Идущий от солнца - Филимон Сергеев 2 стр.


– Думала, опоздаю, – сразу заоправдывалась мать. – Лесовоз подбросил. – Она молча подошла к дочери и крепко обняла ее. Вере как-то стало неловко. То ли грязи испугалась, то ли строгих материнских глаз.

– Да ты не пугайся. Я ведь с работы. Сей год сучкорубы в цену пошли.

– Как это в цену? – Вера неожиданно вздрогнула, лицо ее сильно переменилось. Именно значение этого слова заставило ее поехать в Москву и заняться тем, что и в голову бы раньше не могло прийти и о чем ее родители и догадаться бы не смогли, сколько бы ни стояли и ни крестились перед божницей, висевшей в углу.

В школе Вера училась плохо.
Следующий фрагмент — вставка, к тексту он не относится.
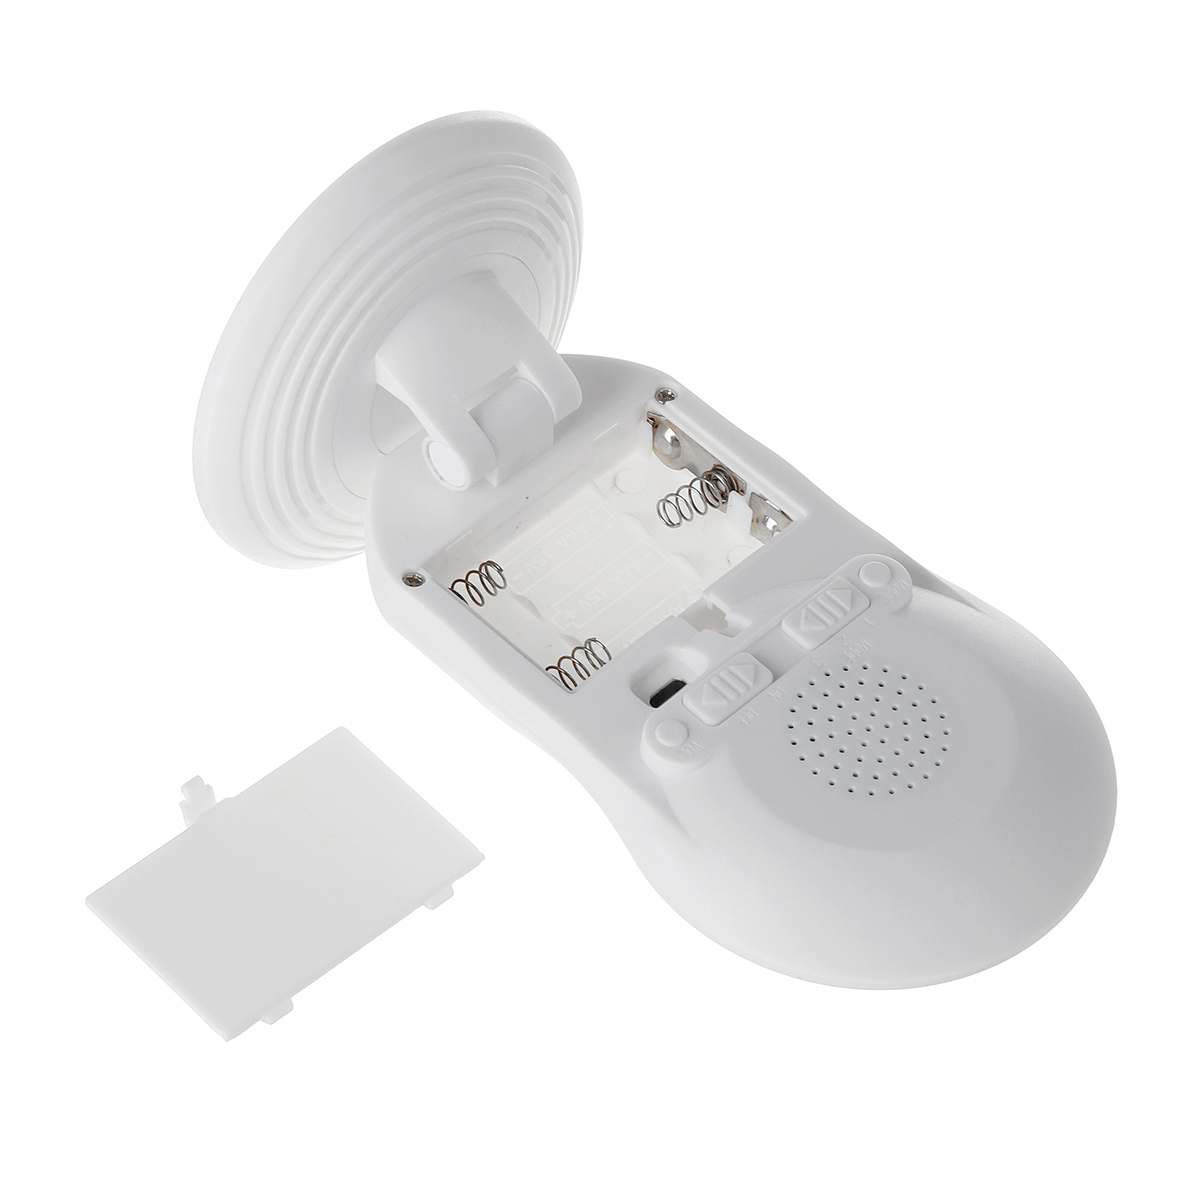 Wireless-Door-Bell-Alarm-System-Doorbell-Welcome-Intelligent-Infrared-Sensing-1546268-9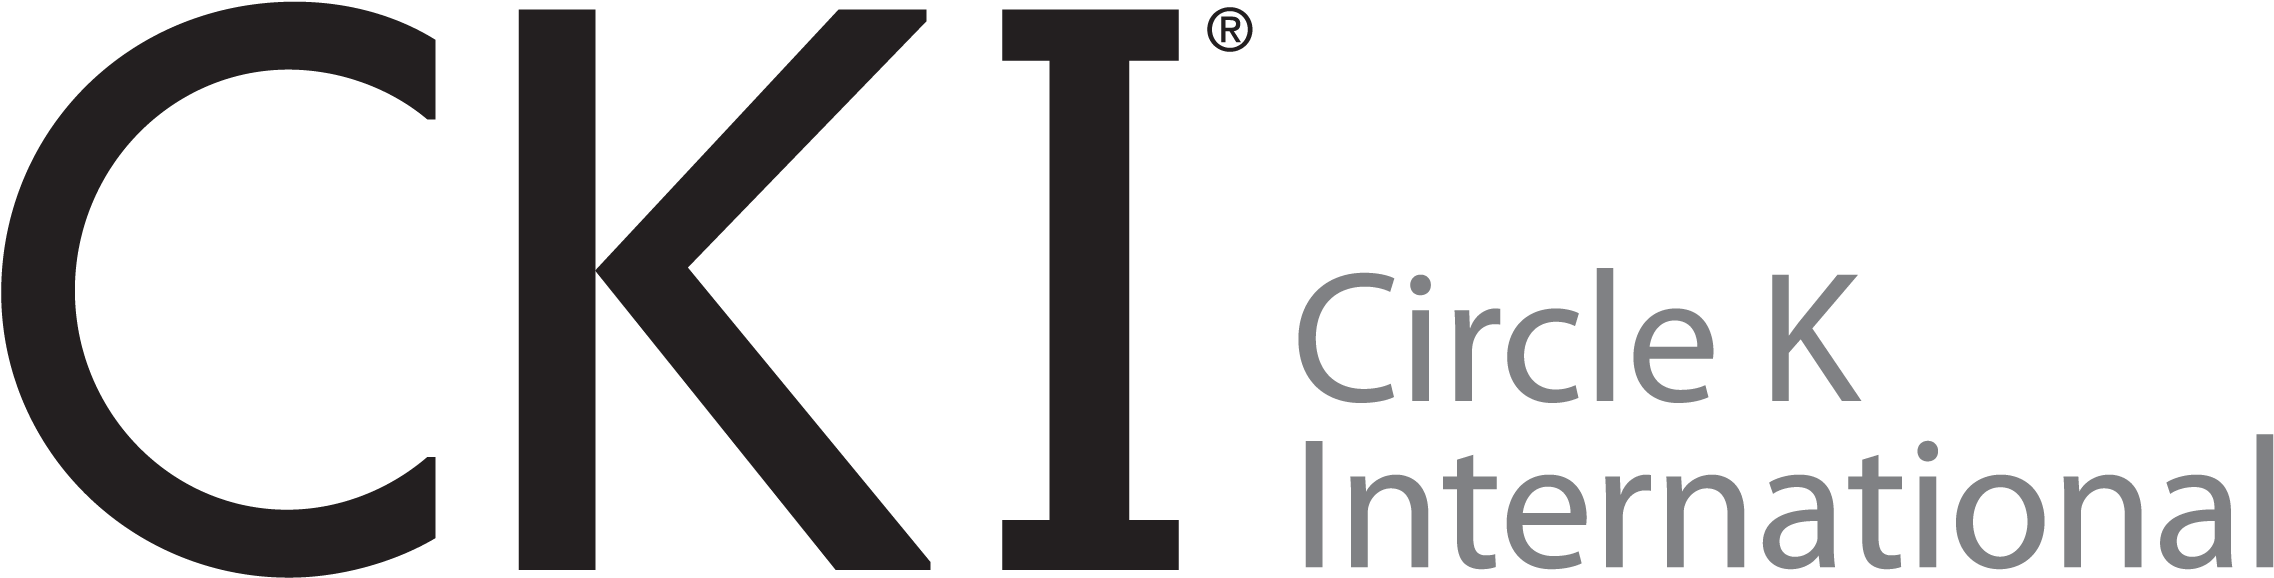 Cki - Circle K International Logo (2458x833)

Впрочем, то общественное заведение, которое называлось сельской девятилетней школой, скорее походило на подготовительные курсы спецназа, где развивались не умственные, не духовные способности детей, а физические, волевые. Главным предметом была физкультура, а остальные как бы просто регистрировались в сознании детей, ни развития, ни применения в жизни не имели. Педагоги скорее озвучивали информацию от Министерства образования, и не более того. А для чего та или иная информация, зачем? Об этом никто не думал, а ученики в особенности. Литература преподносилась как занятный сон или сказка, существовавшая совсем в другом мире в иных измерениях. И даже Александр Сергеевич Пушкин подавался как мечтатель-фантазер, не имеющий никакого отношения к реальной действительности, жизни поселка.
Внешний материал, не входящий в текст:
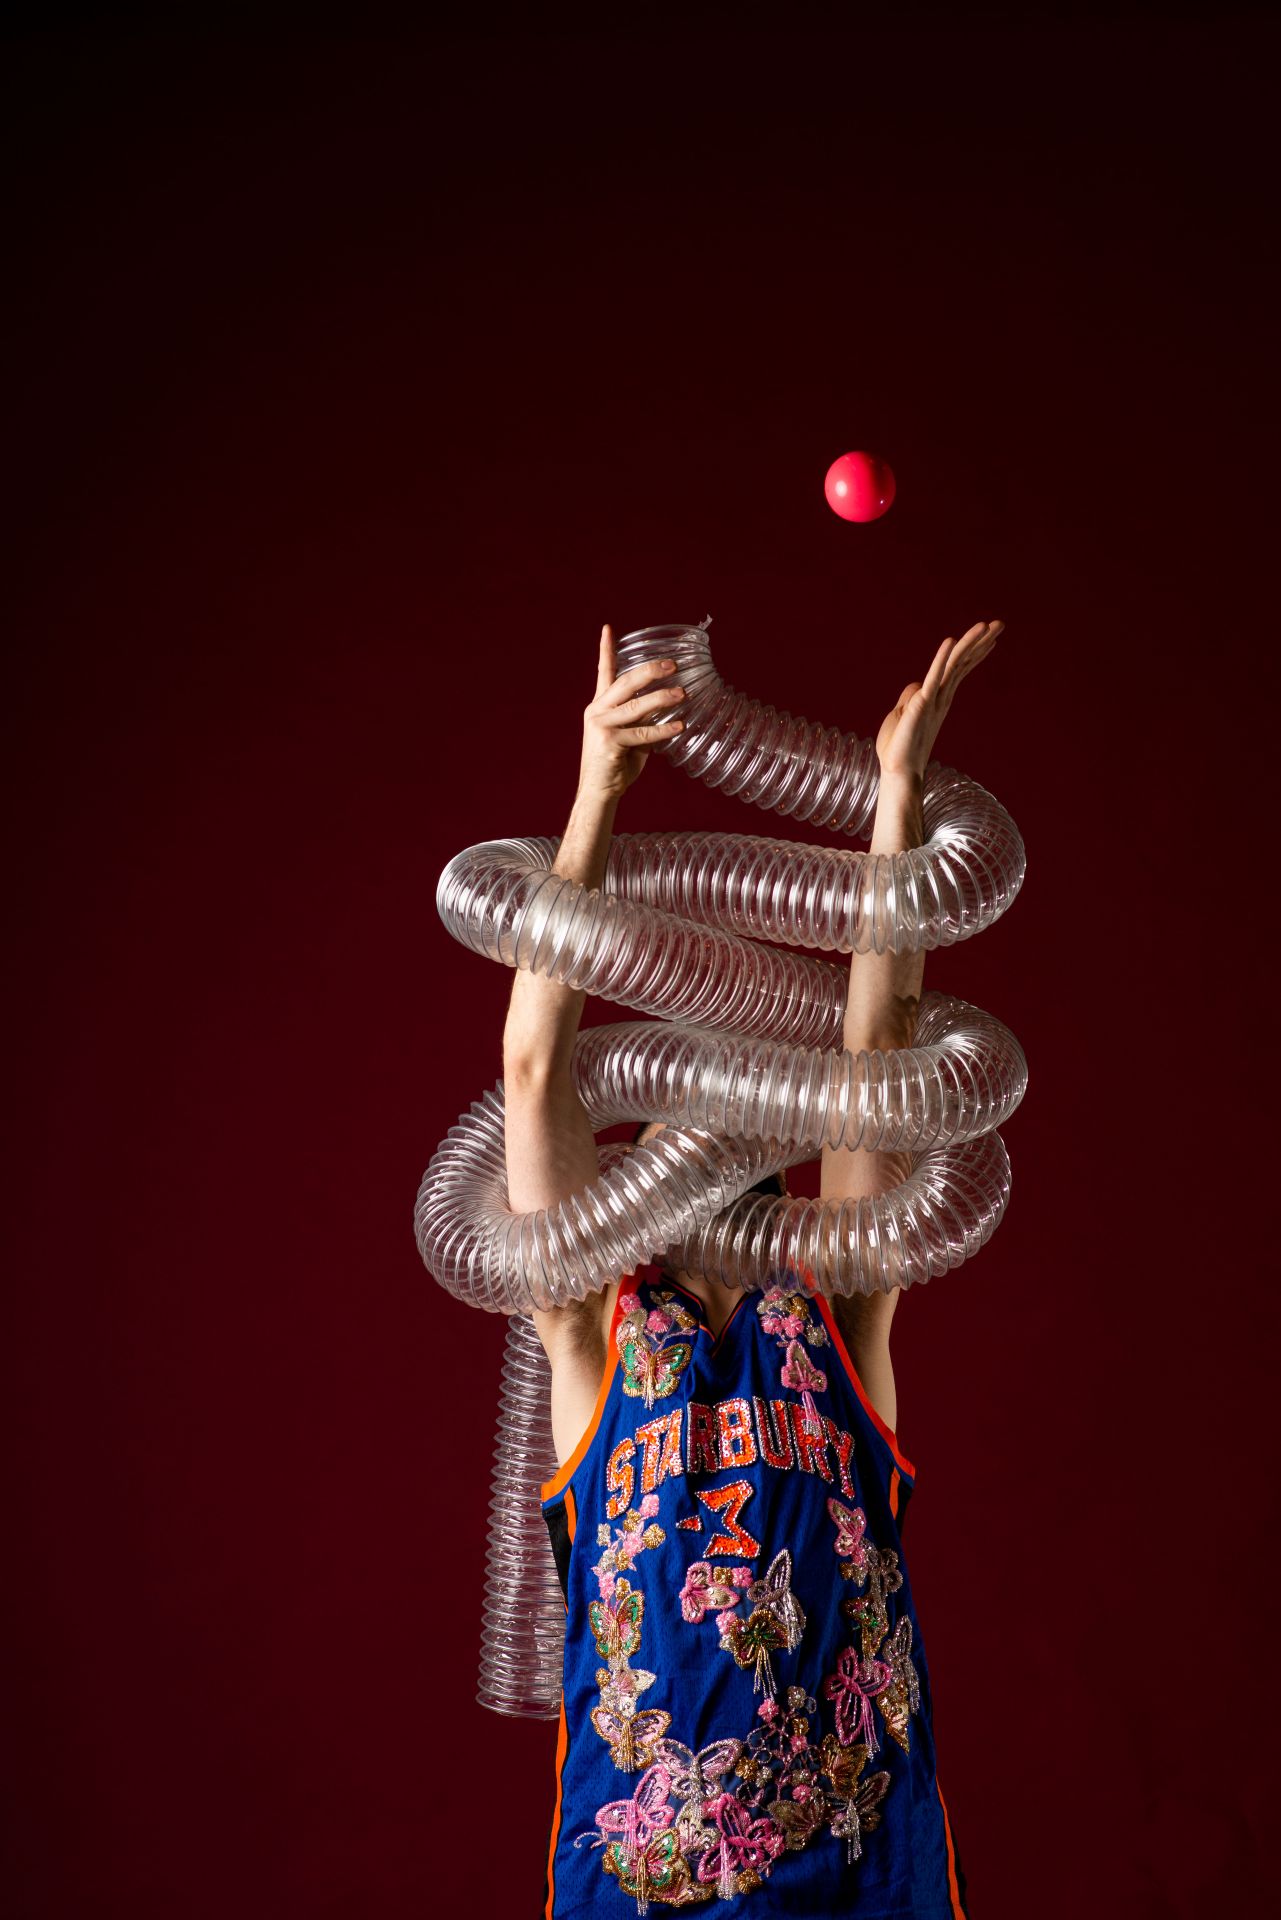 Rīgas cirks piedāvā: žonglēšanas izrāde

"Но я другому отдана и буду век ему верна", – нараспев декламировала учительница монолог Татьяны Лариной из романа А. С. Пушкина "Евгений Онегин", и слова ее вызывали либо недоумение, либо смех. И неудивительно. Дети из разных семей были похожи друг на друга. Хорошо обуты и одеты как раз те, у которых матери нигде не работали и не имели мужей. Может, у них была одна мать – темная северная ночь, пусть и холодная и ненастная, но зовущая к жизни, радости. Именно перед ее чарами и не могли устоять многие женщины поселка. Мать Веры не являлась исключением. Ее дочь и лицом и фигурой и на мать была не похожа, и на отца. Как говорится, ни в мать, ни в отца, а в проезжего молодца. Хрупкая, тонкая, порывистая, Вера скорее походила на плакучую иву, зеленую и шумящую, в самом разливе весенних страстей. И Верой свою дочь мать назвала лишь только потому, что в пору беременности никому и ничему не верила, настолько была скручена тяжелыми обстоятельствами жизни, бедностью.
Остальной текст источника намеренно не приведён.